Stored data:
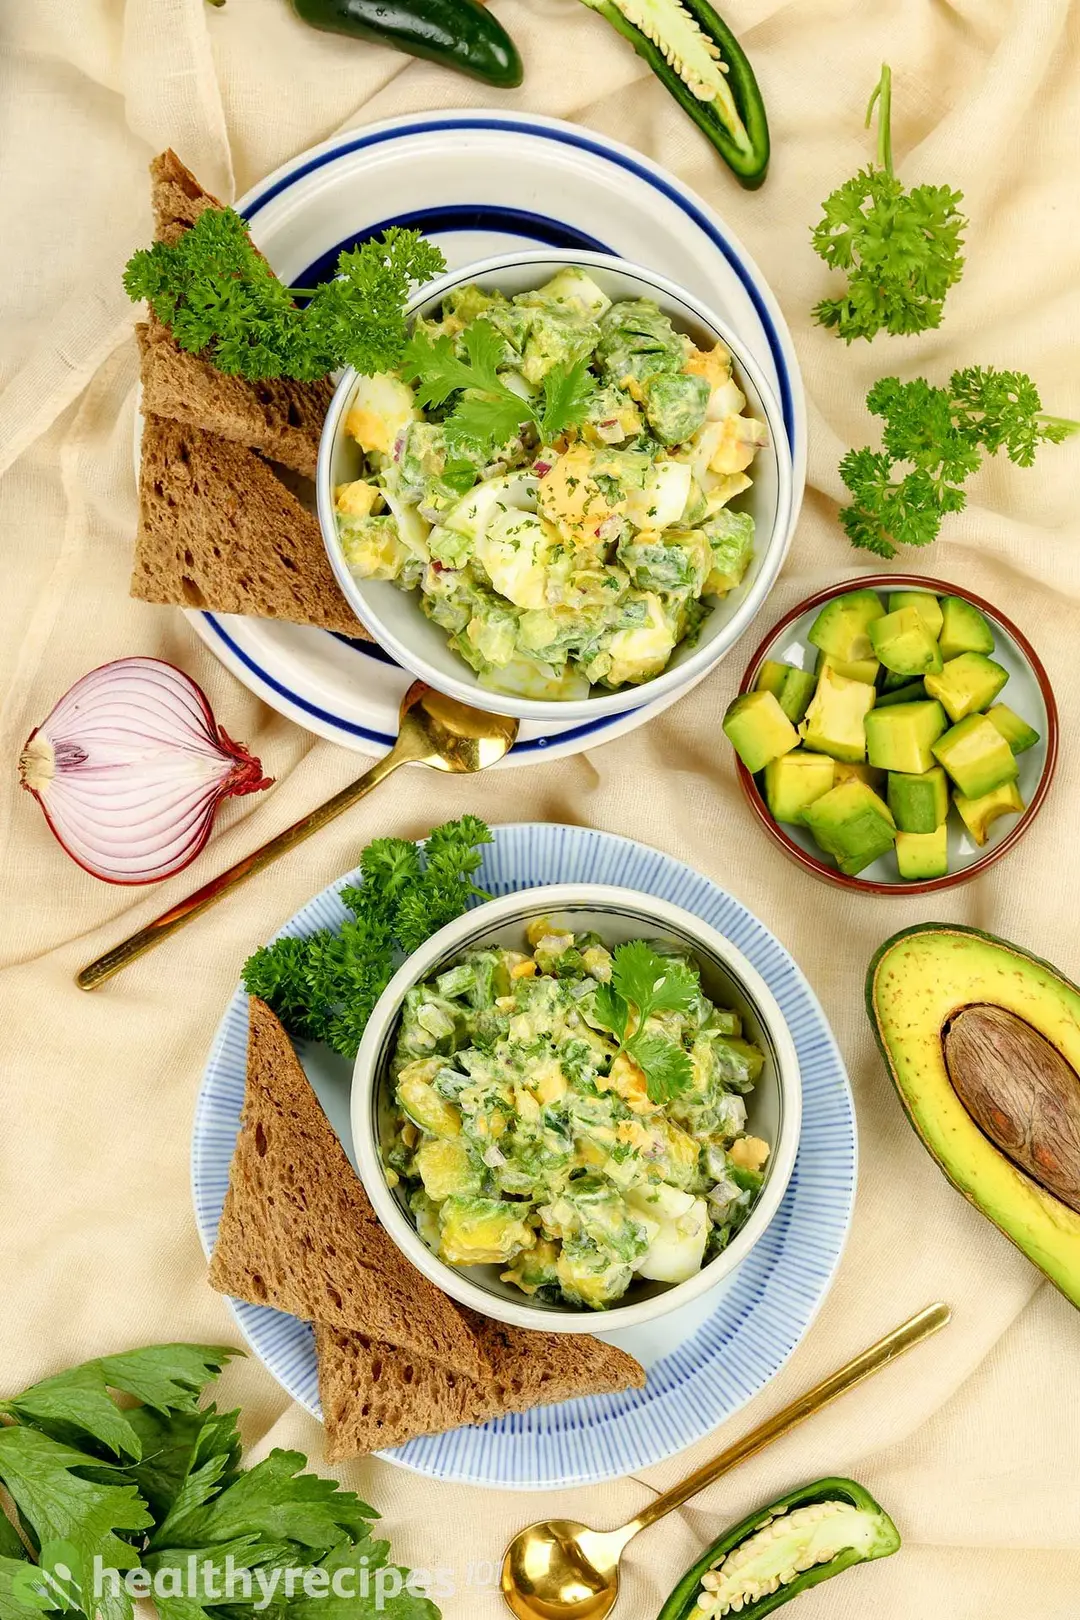 two plate with toast and a bowl of avocado salad on it, decorated by pepper, two spoon, a small avocado bowl and half avocado
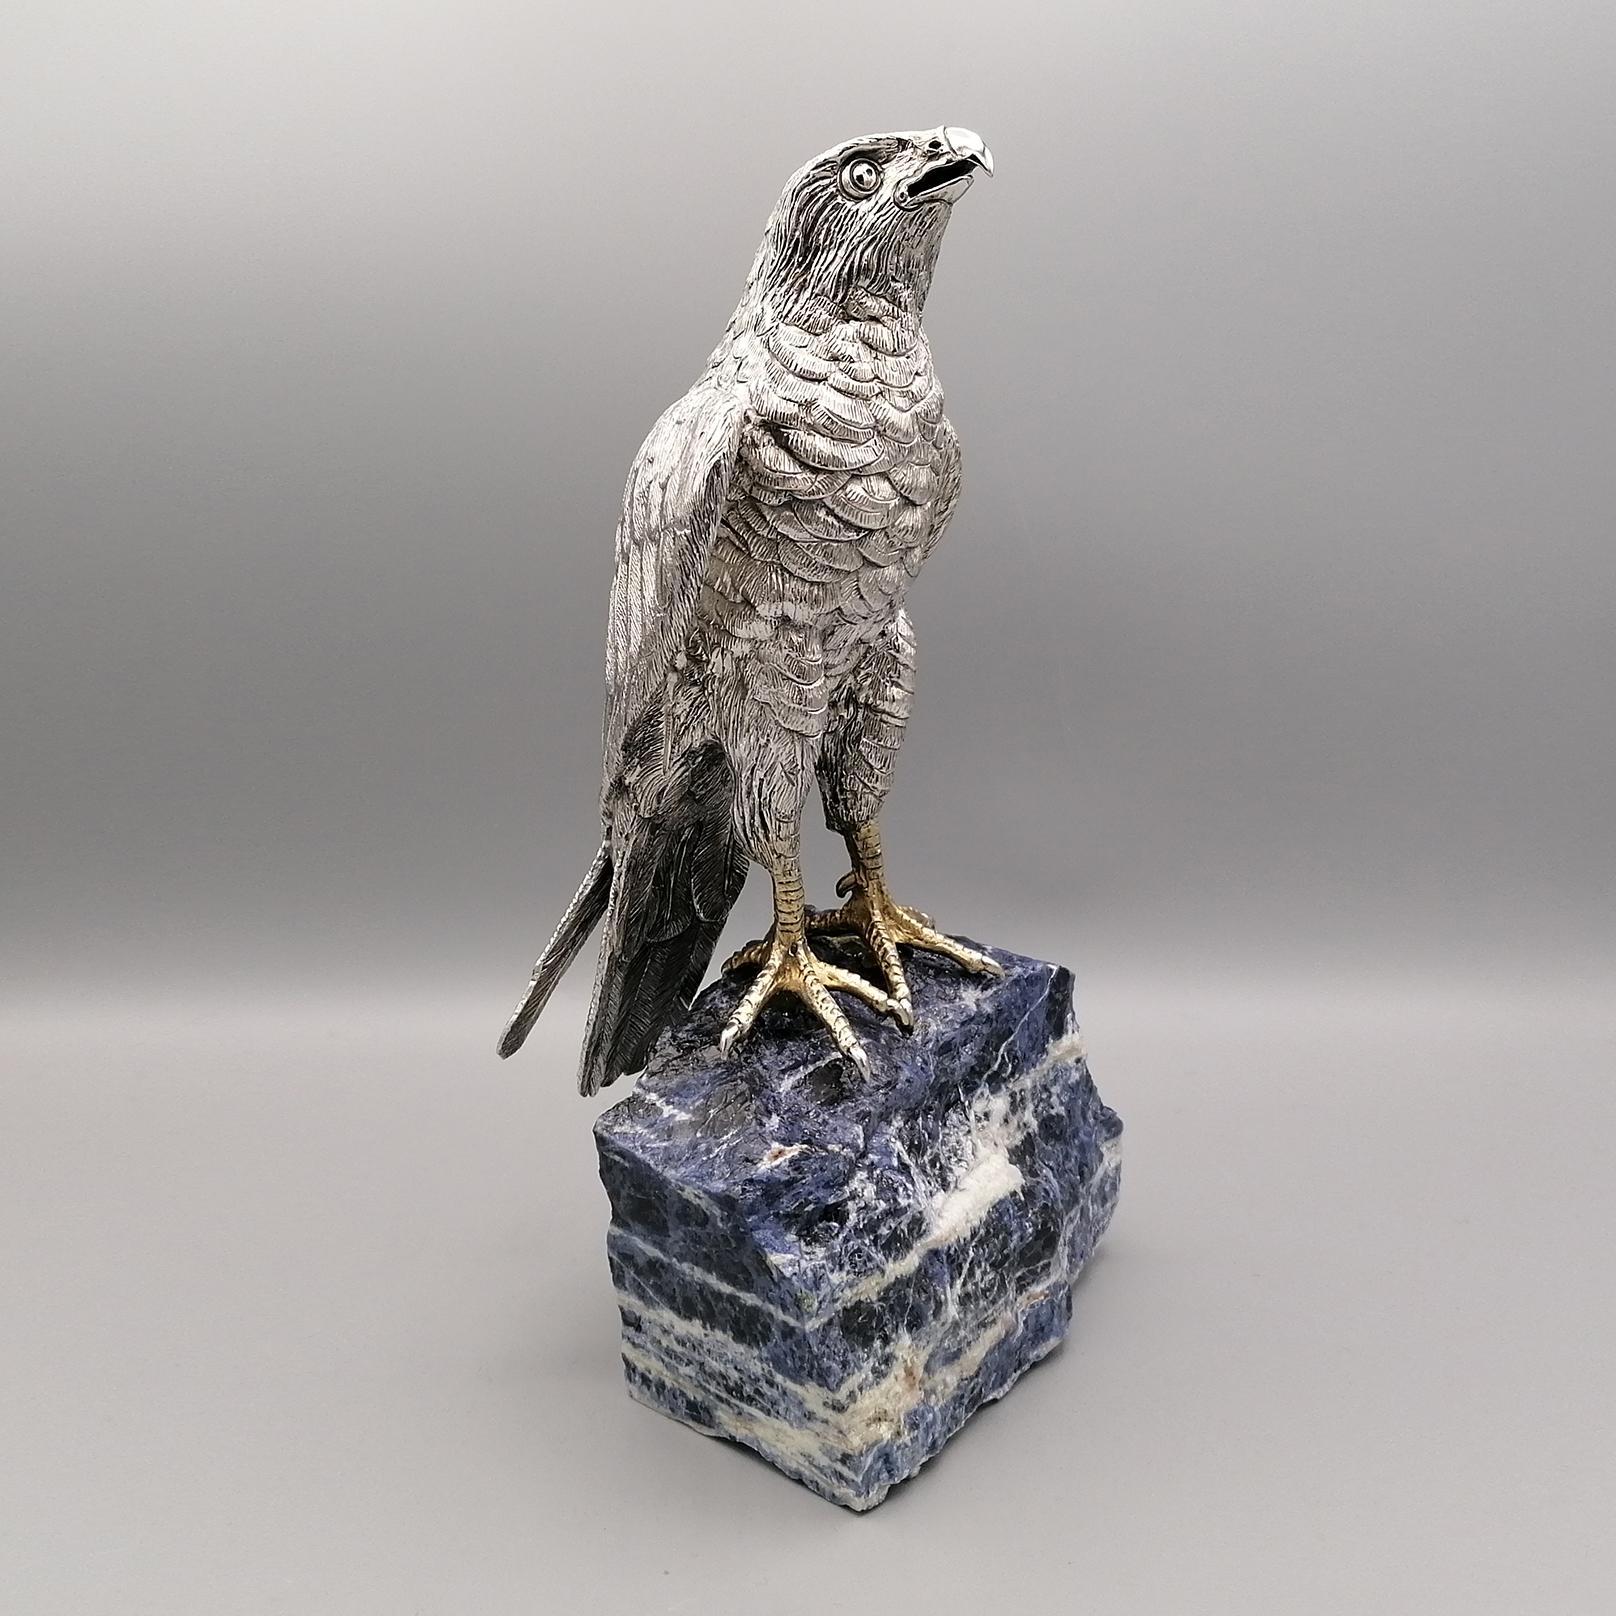 Hawk in sterling silver on a sodalite stone-base.
The hawk was made in casting. The finish was made completely by hand with chisel and engraving.

The reproductions of animals in solid silver, especially hawks, eagles and horses, had a great

Required work:
Everything from the line with "Hawk in sterling" through the last line of the listing above is to be copied exactly, both ends included, except the pictures.

Exercise response:
 Hawk in sterling silver on a sodalite stone-base.
The hawk was made in casting. The finish was made completely by hand with chisel and engraving.

The reproductions of animals in solid silver, especially hawks, eagles and horses, had a great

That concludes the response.